BEGIN DATASET EXCERPT

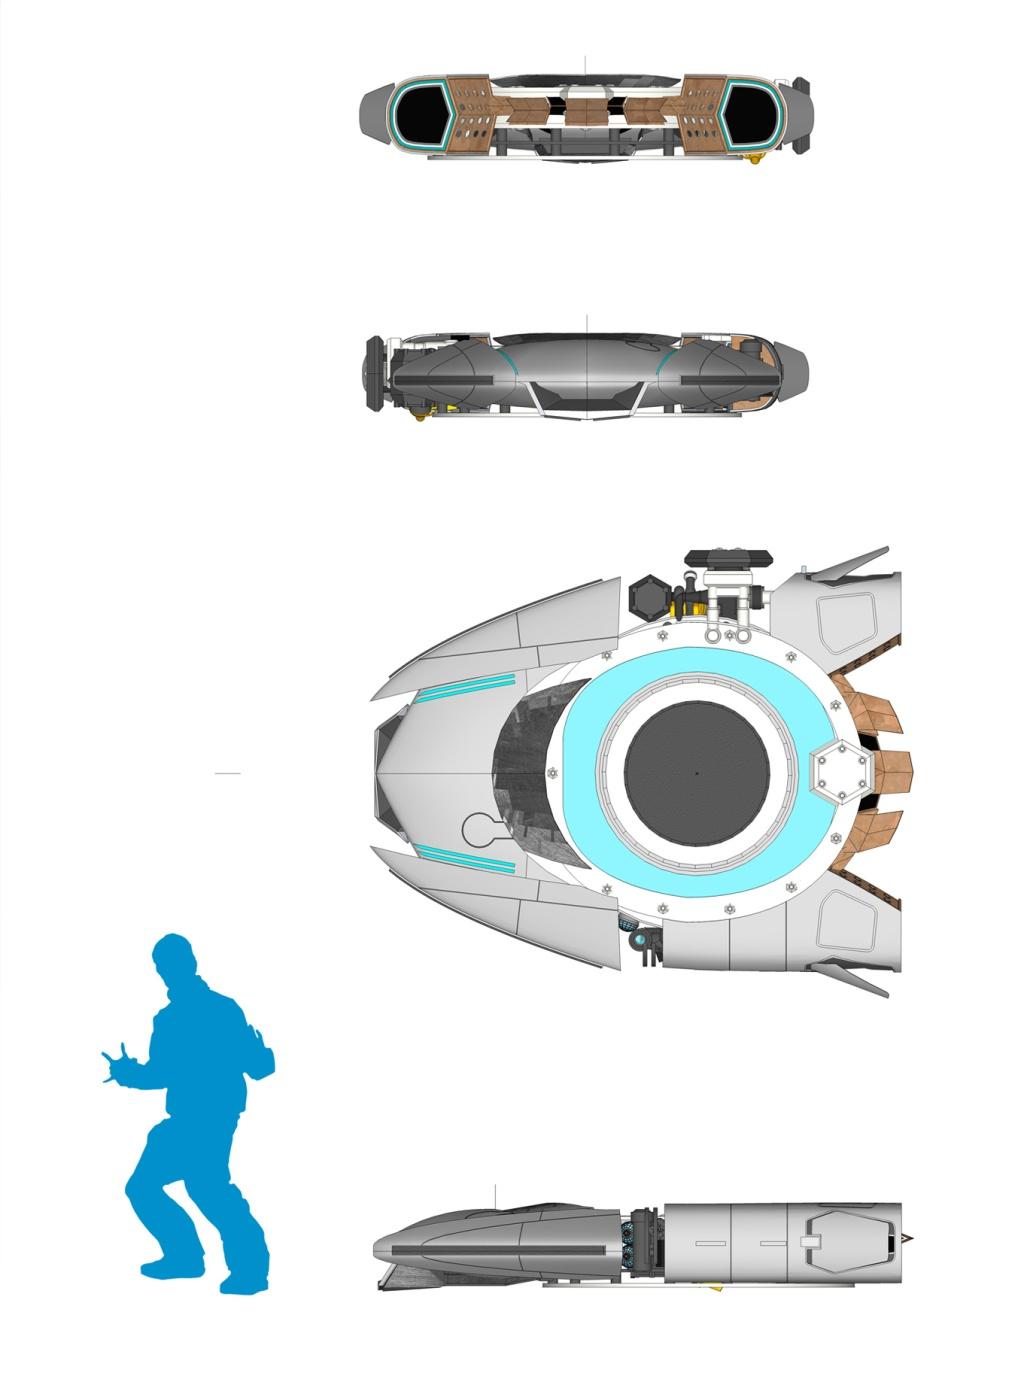 schematics of final design
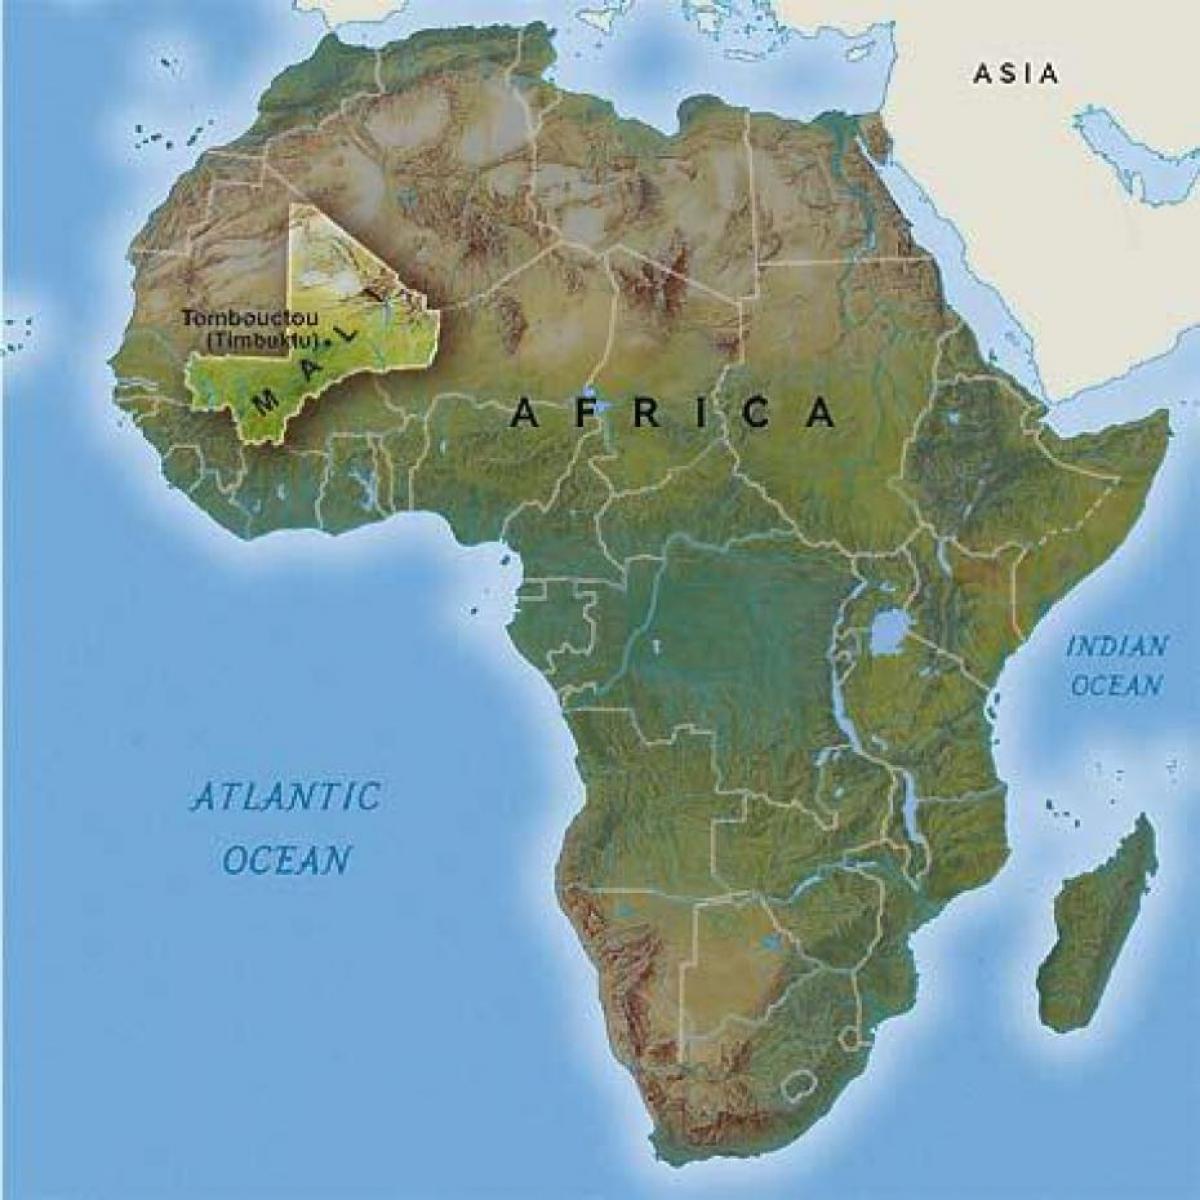 Mali africa map - Mali west africa map (Western Africa - Africa) on mali geography, mali flag, mali political, mali on a map, mali europe map, mali's map, burkina faso, mali map area, sierra leone, mali movement, bamako mali map, mali economic, mali gold, mali resource map, rwanda map, mali food, zimbabwe map, mali ebola, mali france map, mali currency, mali continent map, mali map in color,
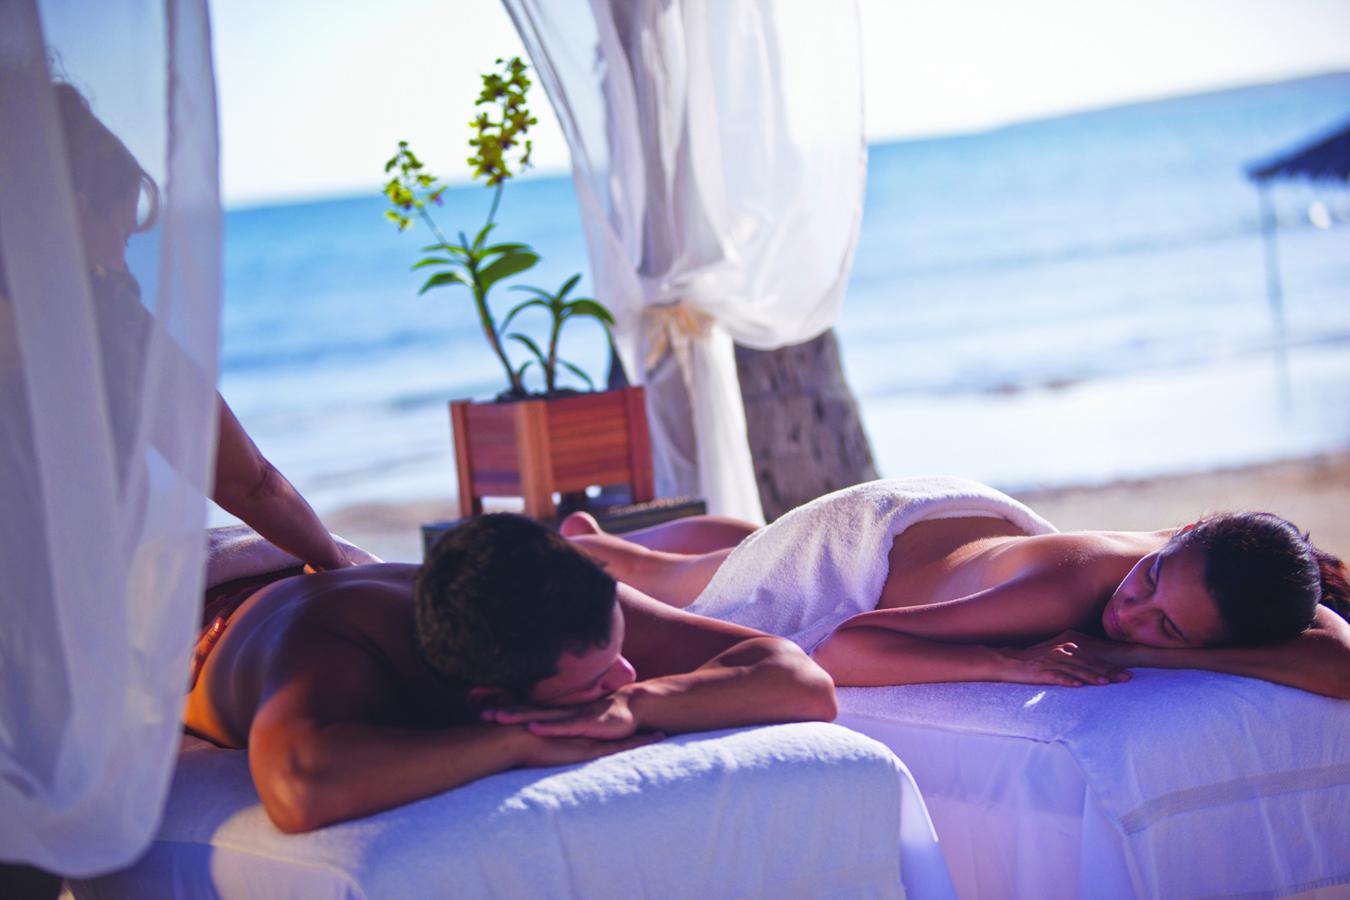 The Spa at Copamarina Beach Resort in Guanica.
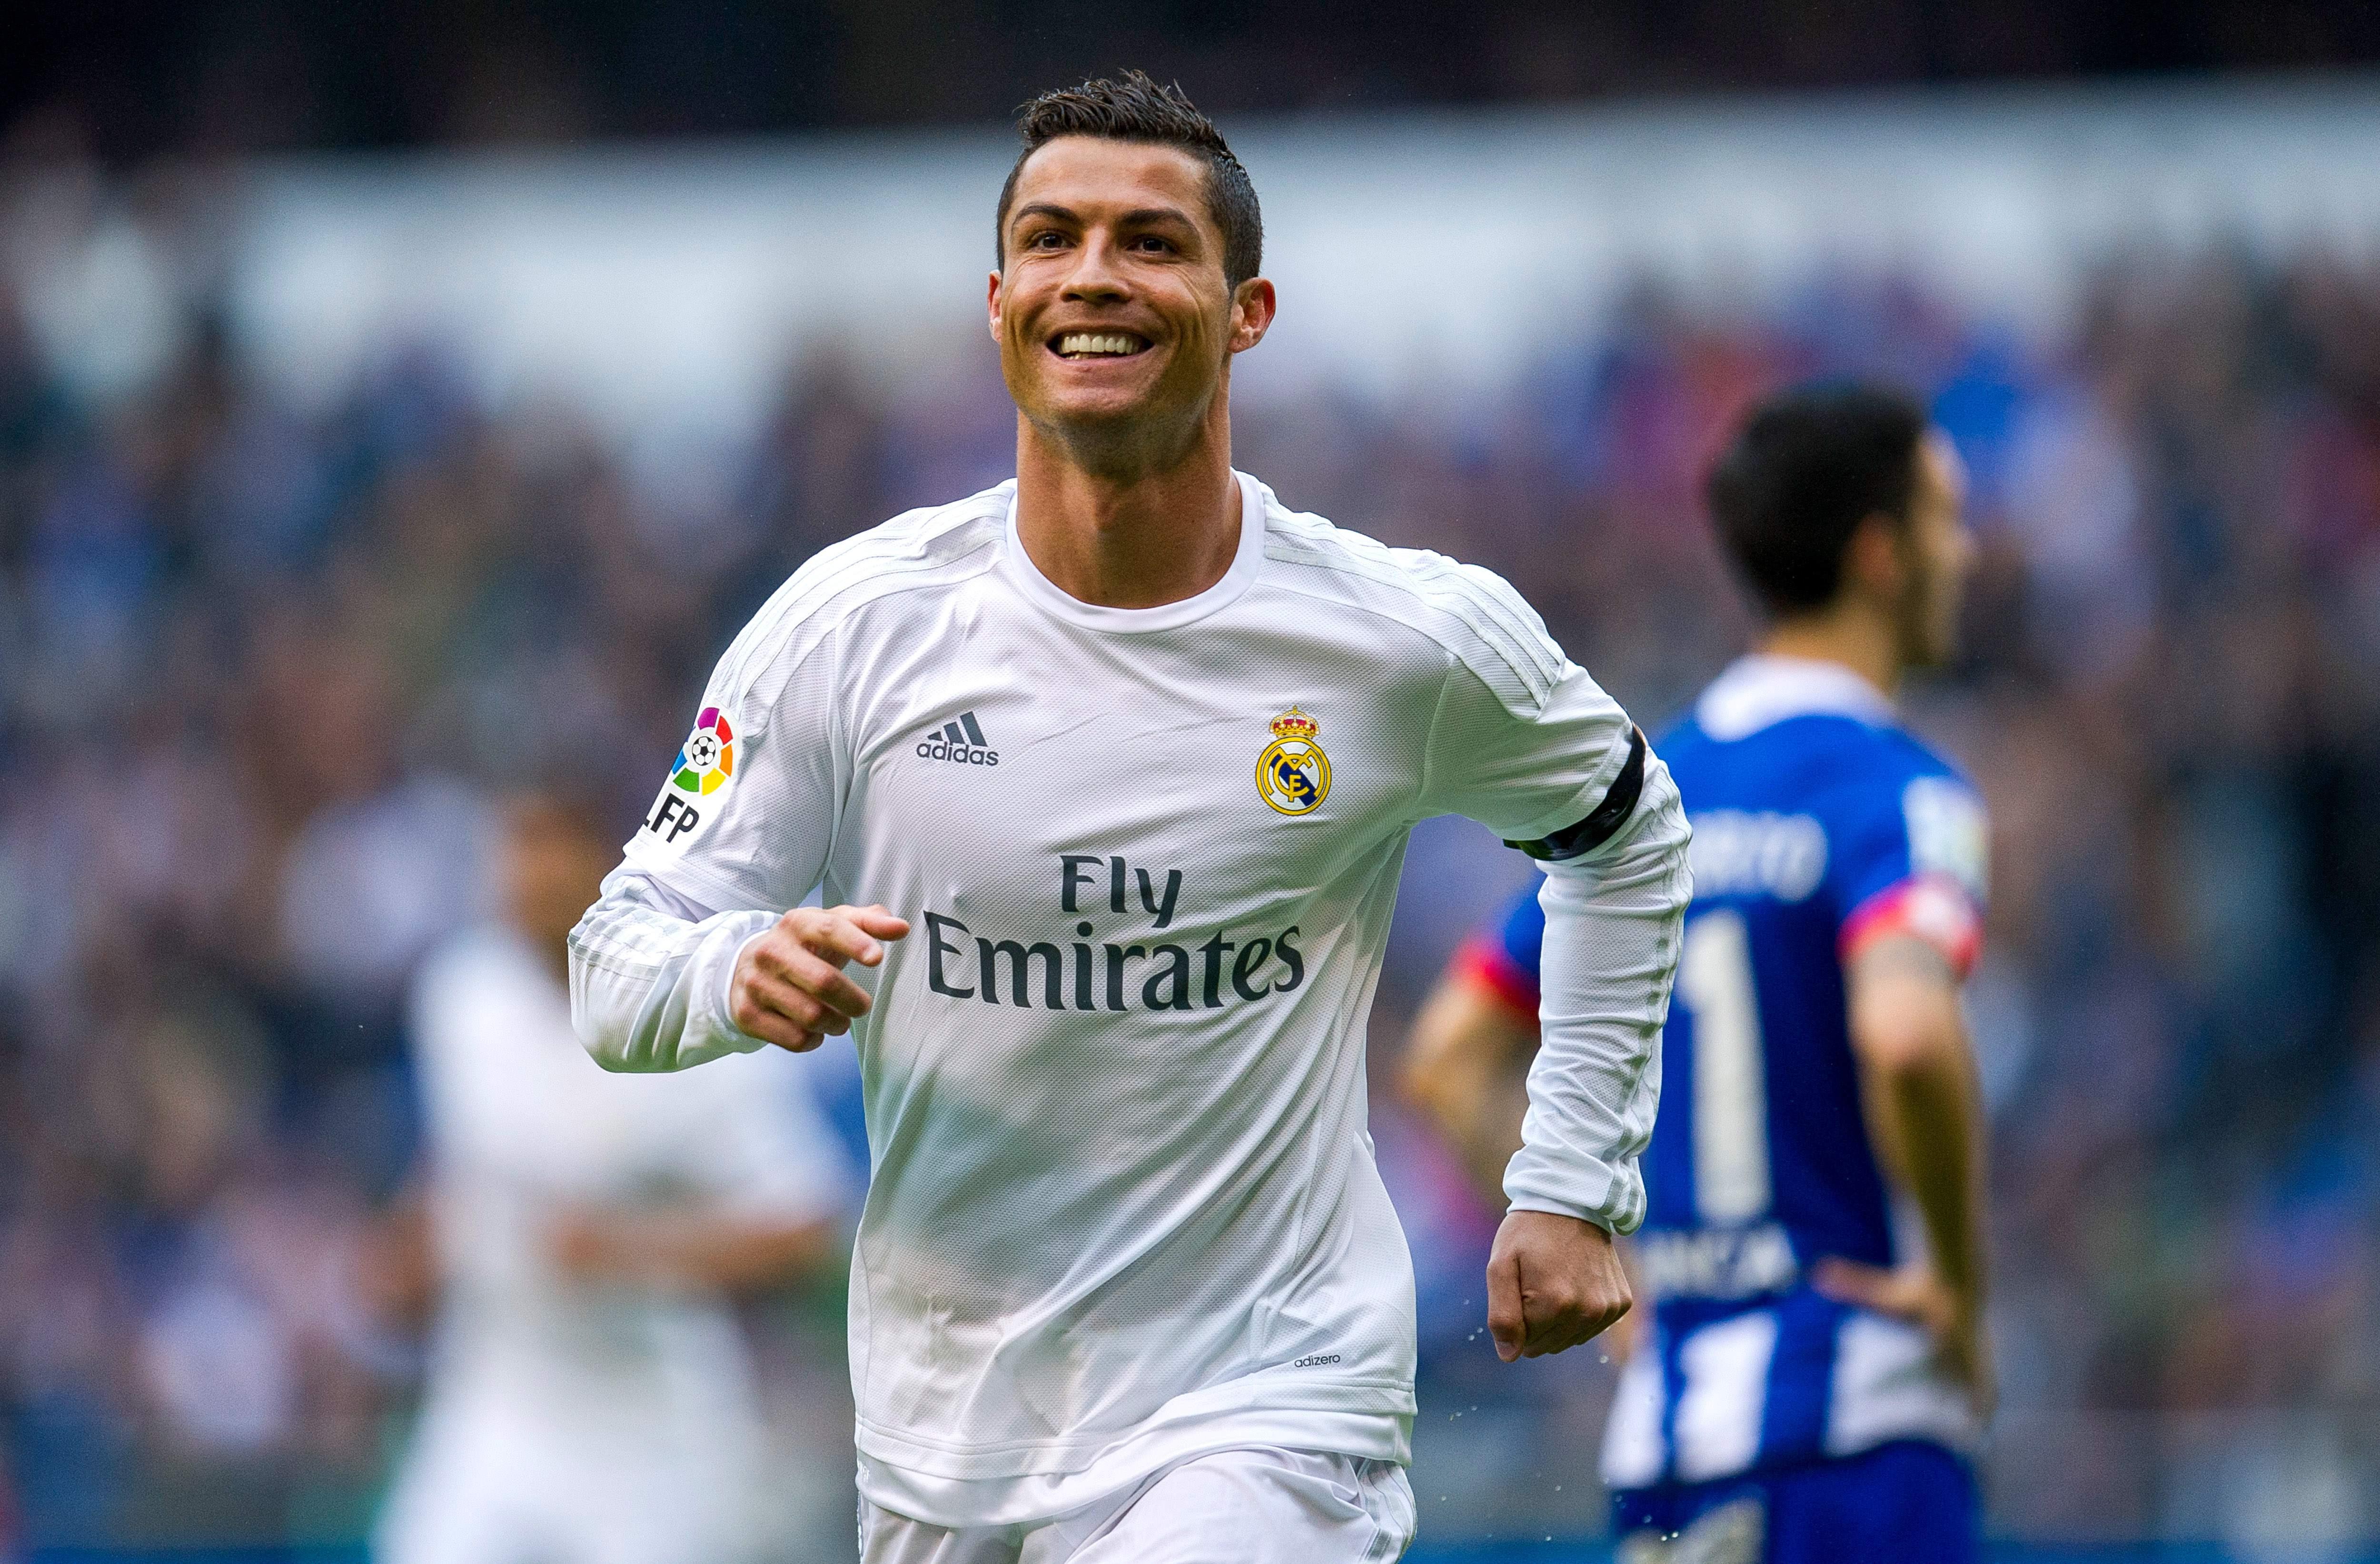 رونالدو کلیپ جالب از شوت های جالب این ستاره برزیلی درزمین فوتبال

END DATASET EXCERPT

### PROBLEM STATEMENT:
Please quote the lines of the material, beginning with the first and ending with the one that contains "Mali africa map", exactly as written and without any pictures.

### EXPECTED ANSWER:
 schematics of final design
 Mali africa map - Mali west africa map (Western Africa - Africa) on mali geography, mali flag, mali political, mali on a map, mali europe map, mali's map, burkina faso, mali map area, sierra leone, mali movement, bamako mali map, mali economic, mali gold, mali resource map, rwanda map, mali food, zimbabwe map, mali ebola, mali france map, mali currency, mali continent map, mali map in color,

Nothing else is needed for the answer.